Samba vfs_zfsacl: should I set acedup="dontcare", or leave at default "merge"?

[Stilez]

The two relevant parameters of the acedup property are described in the samba docs as follows:

This parameter configures how Samba handles duplicate ACEs encountered in ZFS ACLs. ZFS allows/creates duplicate ACE for different bits for same ID.

• dontcare (default) - copy the ACEs as they come

• merge - bitwise OR the 2 ace.flag fields and 2 ace.mask fields of the 2 duplicate ACEs into 1 ACE

It looks like on FreeNAS, the default option is merge. At least, it shows up as that in testparm for me.

The possible issue with merge, is that Windows is extremely fussy about ACL ordering. Suppose two ACEs of the same type (allow/deny) are set on a specific user or group, because one of these is set to inherit, and the other isn't. Windows needs implicit (inherited)/explicit ACEs ordered a specific way, but FreeBSD/ZFS/Samba just read them in index order. The criteria for merging ACEs is same user/group, and same type, from the docs. So the result of merging ACEs might be to "flatten" ACEs which Windows needs to find in a specific order in the list.
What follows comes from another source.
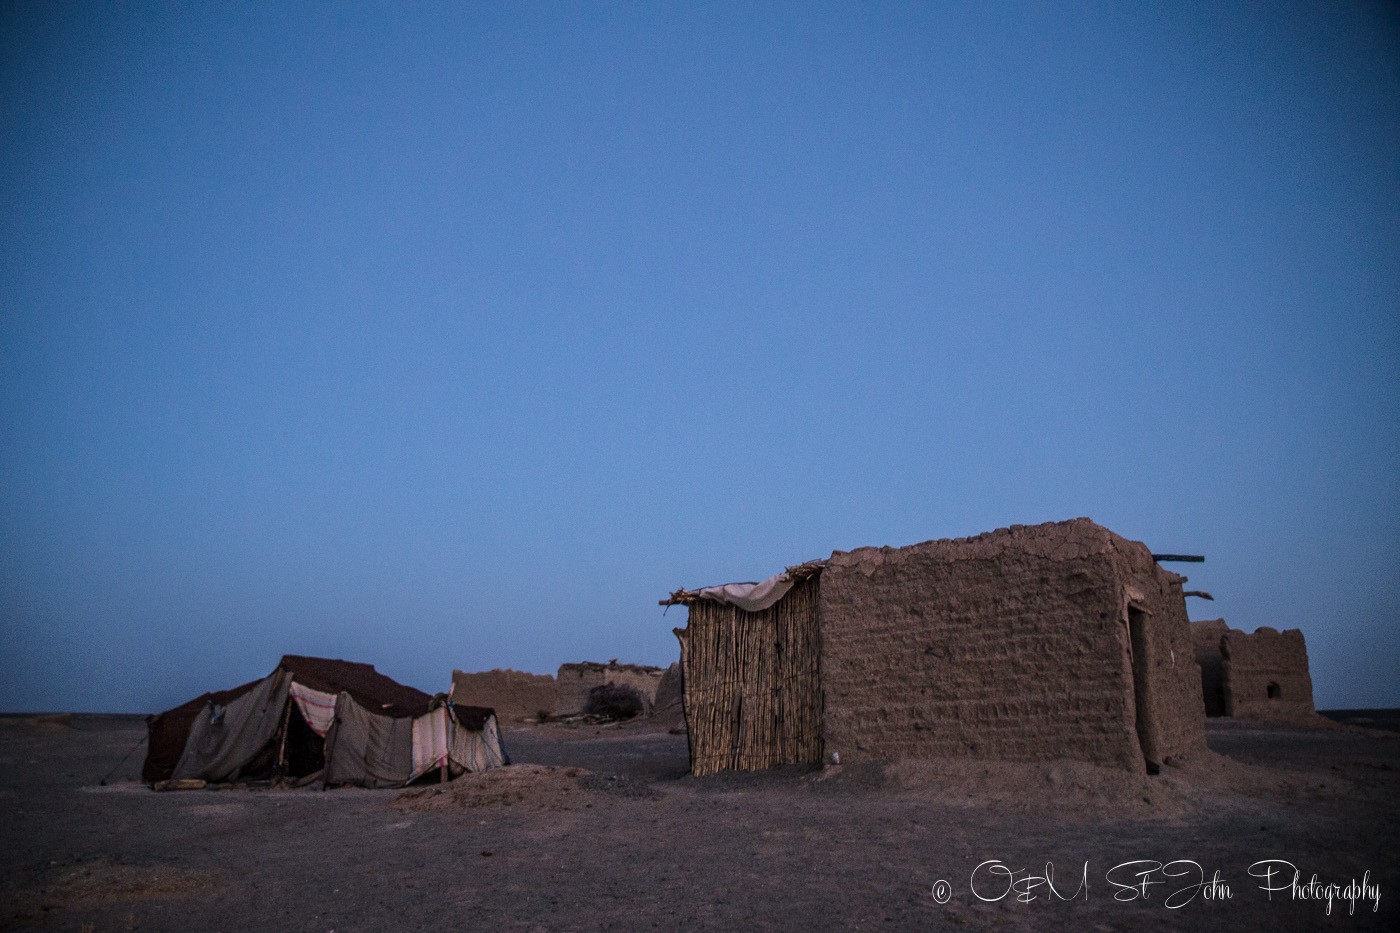 Nomad hut in Erg Chebbi, our accommodation for the night in the Sahara Desert. Morocco

Example: ACEs as seen on server:

user:Andy:w::deny
user:Bob:w::allow
user:Andy:rx:d:allow
user:Bob:rx:d:allow

From the description, with acedup=merge it sounds like Samba might flatten the ACL, and present them to Windows in an order which (to Windows) is perhaps incorrect. Maybe not in this specific example, but perhaps in other cases.

Is it safer to set the option to dontcare, or are there reasons why I should have it set to merge?

 

[dlavigne]

Did you find the answer to your question?

 

[Stilez]

Did you find the answer to your question?

No - can you help me find an answer?